Сдаю вахту старпому в шестнадцать. На 72-й параллели сдаю, курс 90°. Желаю выйти на чистую воду и спускаюсь вниз. Такое ощущение, что спускаюсь не в каюту, а прямо на остров Врангеля — так за вахту привык ощущать остров ниже себя на карте. Но в каюте не оказывается ни мускусных быков, ни заледенелой тундры. Есть не хочется — только спать.
Нашему поколению свойственно ощущать жизнь этаким неправдашним театром, что ли. Уж какую ответственность несут некоторые мои однокашники-одногодки, уже скольких похоронили мы товарищей, сколько уж инфарктов, сколько убеждались в том, что жизнь — серьезная штука, дается один раз, ан все кажется, что она театр. Даже когда в реанимацию угодишь и о завещании серьезно думаешь, и даже когда заставишь себя этот мрачный жанр освоить на деле, на бумаге.
Ведь не верится, что в апреле я был среди айсбергов возле Мирного в Антарктиде, а сейчас черт занес к северу от Врангеля и нашенский Владивосток от меня на две тысячи восемьсот миль к ЮГУ!

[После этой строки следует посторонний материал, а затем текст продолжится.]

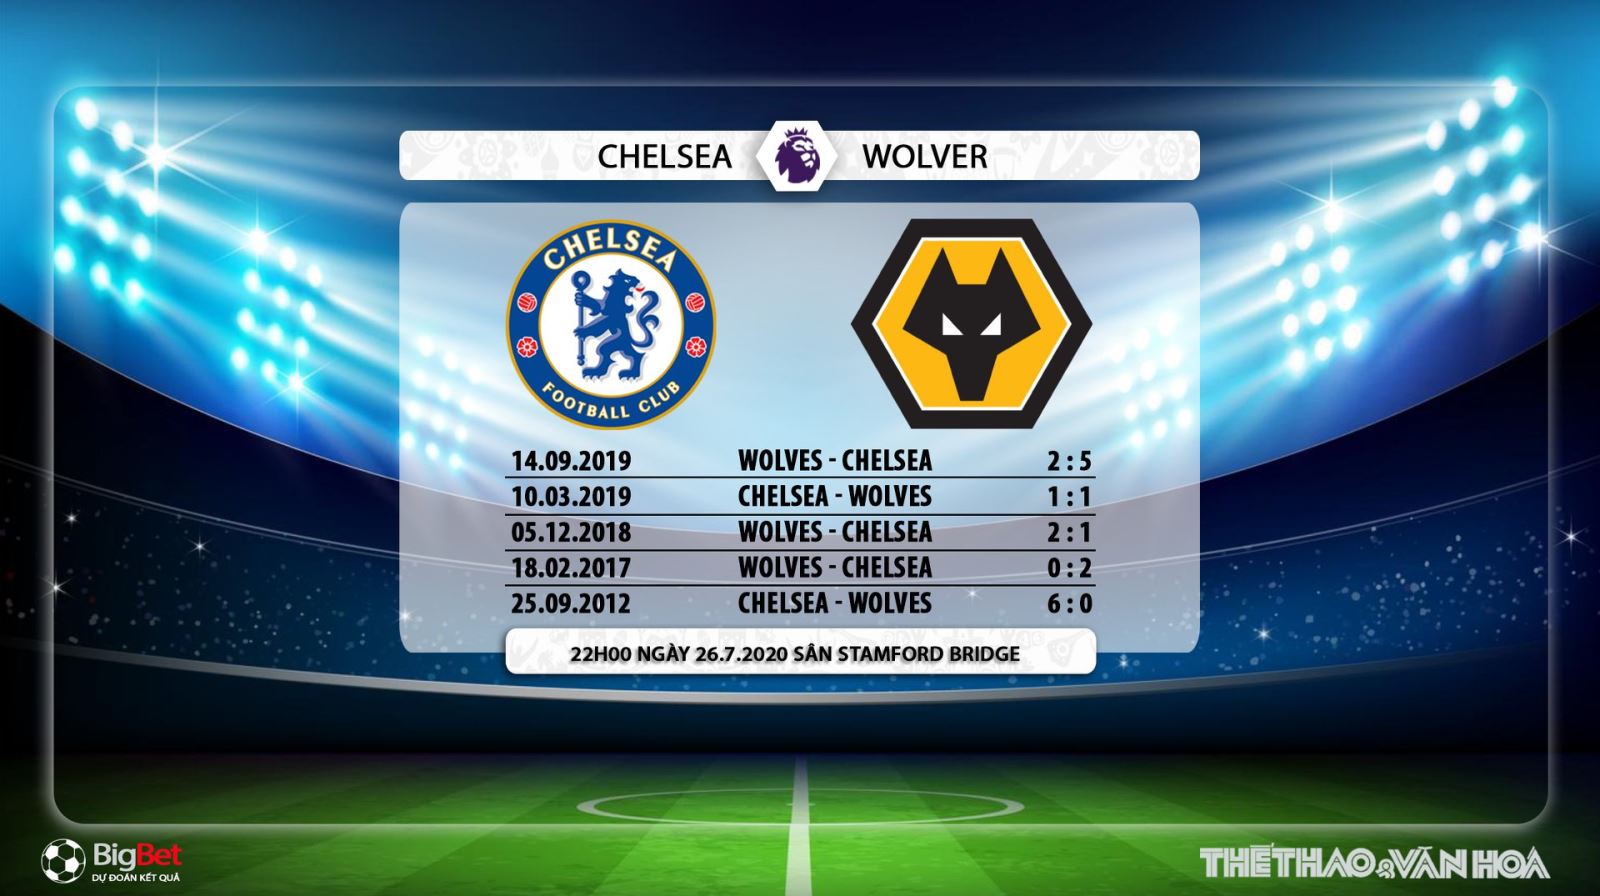 Chelsea vs Wolves, Wolves, Chelsea, nhận định bóng đá bóng đá, kèo Chelsea vs Wolves, nhận định bóng đá bóng đá Chelsea vs Wolves, trực tiếp Chelsea vs Wolves

Заглянул В. В., поинтересовался, чего я не иду чай пить; сообщил, что утка, которой он присвоил официальное имя Кряква Иванна, вполне жива и возле Камчатки ее можно будет выпустить на свободу.
Тут возник в проеме открытой двери Октавиан Эдуардович и мрачно заметил:
— Мы честно боролись за утиную жизнь. И потому возле Камчатки привяжем ее веревкой за ногу, честно дадим взлететь, а потом зажарим.